In most studies of ENP fate and transport, DLS has been widely used to record the aggregation of particles over time [10]. Different pH, ionic strength (IS), and NOM are controlled, to better understand the effect of aqueous chemistry on the fate of ENPs in the environment in terms of aggregation by calculating the aggregation kinetic rate. Though this experimental approach has successfully explained the role of water chemistry, the particle concentration in the measurement was much higher (usually>1 mg/L in the case of AgNP) than its predicted environmental concentration (below 1 μg/L) [5]. Particle aggregation is dependent on both the frequency of particle collision and the attachment efficiency. The former is a function of particle concentration and the latter is highly dependent on particle properties, such as its surface charge and surrounding chemistry (pH, IS, and NOM). As experiments using DLS are far away from ENPs environmental concentration, the aggregation kinetics from DLS can explain only the qualitative aspect. Another limitation of DLS is that it is not capable of determining the aggregation state in samples even though it can be applied to micro-sized particles. In aggregation study, increasing particle size over time also increases the PDI. As mentioned earlier, high PDI does not provide precise size of particles in samples. Therefore, the z-average of aggregates is not reliable. A practical tip for DLS measurement is to prevent samples from unintended dust or macro particles.
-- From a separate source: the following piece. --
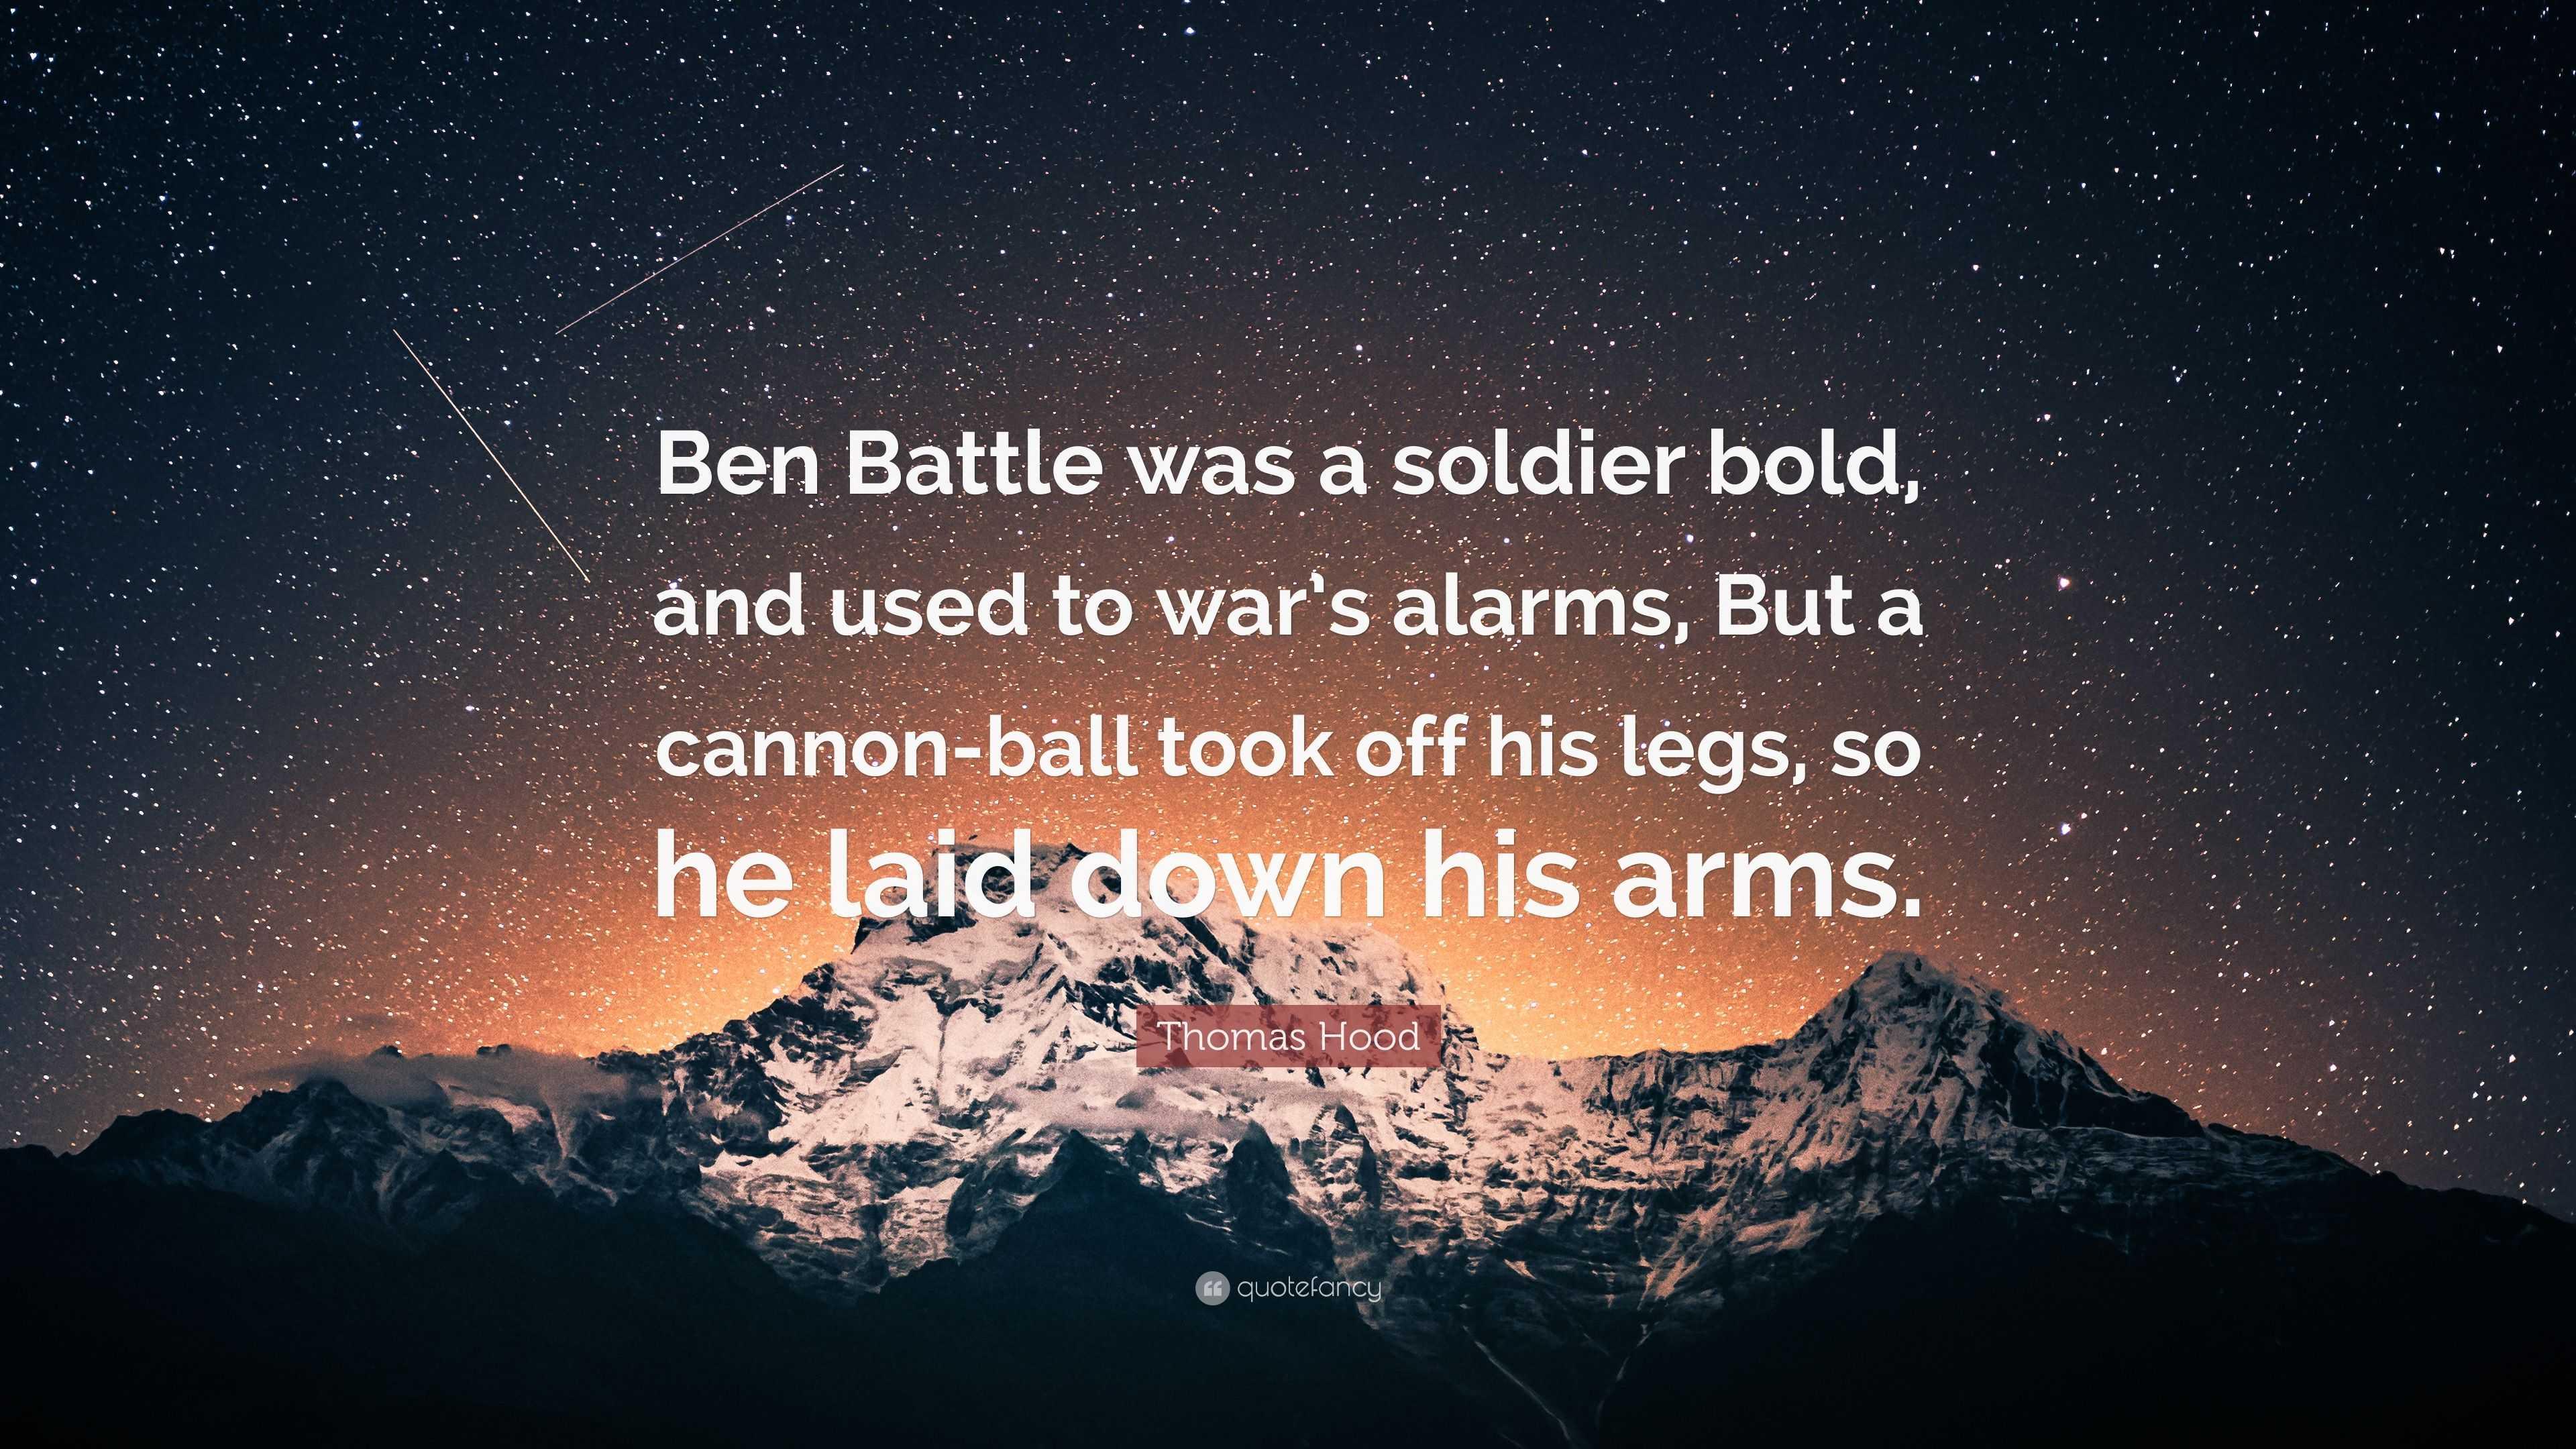 ben battle was a soldier bold
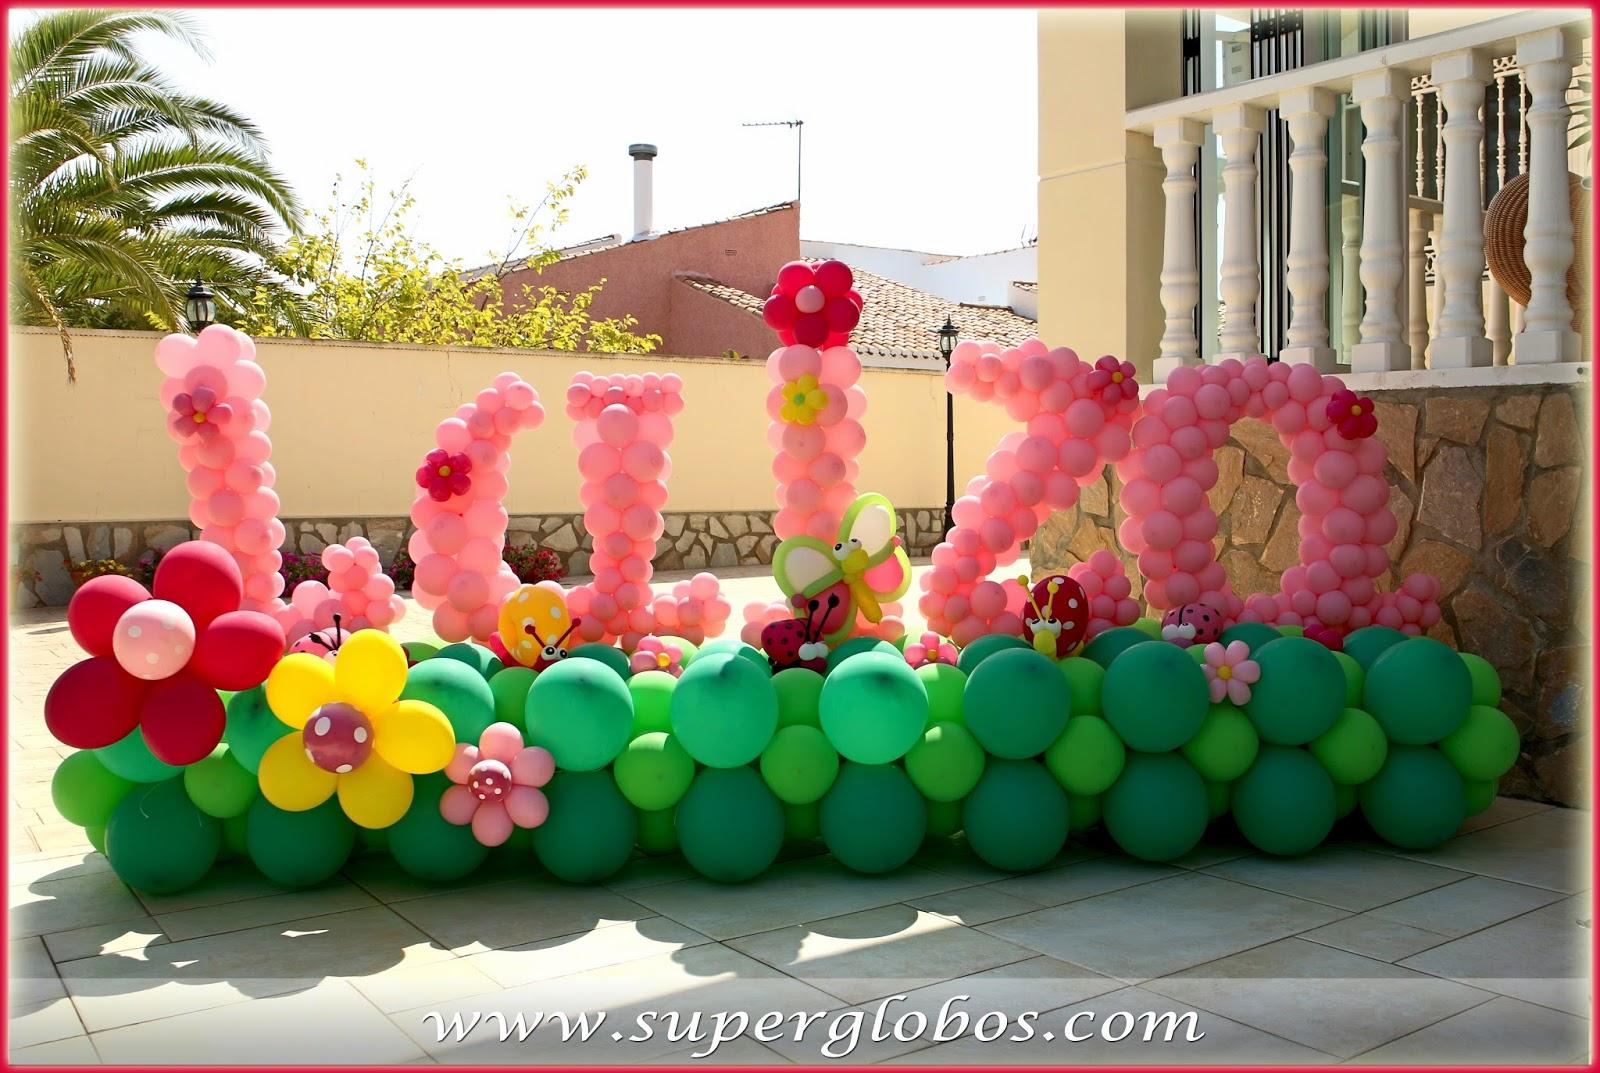 Decoraci n con globos para eventos y fiestas superglobos - Adornos de globos ...

The cuvette or vials for DLS should be cleaned several times by flowing deionized (DI) water and all solutions should be prepared using DI water that is pre-filtered by 0.1 μm membrane.
Spectroscopic Techniques
This technique utilizes the interaction of electromagnetic radiation with a sample material exhibiting the absorbance at UV-Vis or emission at fluorescence. Spectroscopic analysis is commonly used to characterize the bulk samples. The spectrum shows the absorbance dependency on the wavelength. While the absorbance is a quantitative signal, the wavelength is qualitative. To quantify the samples using the absorbance or fluorescence, the optical constants of the particles should be known. UV-Vis spectroscopy is the representative technique which uses the absorbance of the sample at specific wavelength. It has been widely used to measure concentrations, size, and aggregation state. Though it has been assumed that UV absorbance is proportional to ENP concentrations, it could be affected by the wavelength of the light, the size of the particle, and the matrix composition. Our previous study used UV absorbance to characterize the initial size and aggregation state of ENPs in synthetic fresh waters and the disappearance rate of monodispersed AuNPs was estimated using absorbance [9]. Qualitative information was also provided by explaining the peak wavelength shift during experiment. As higher wavelength for maximum absorbance occurs at larger ENPs, the red shift of wavelength could be interpreted into the formation and growth of aggregate.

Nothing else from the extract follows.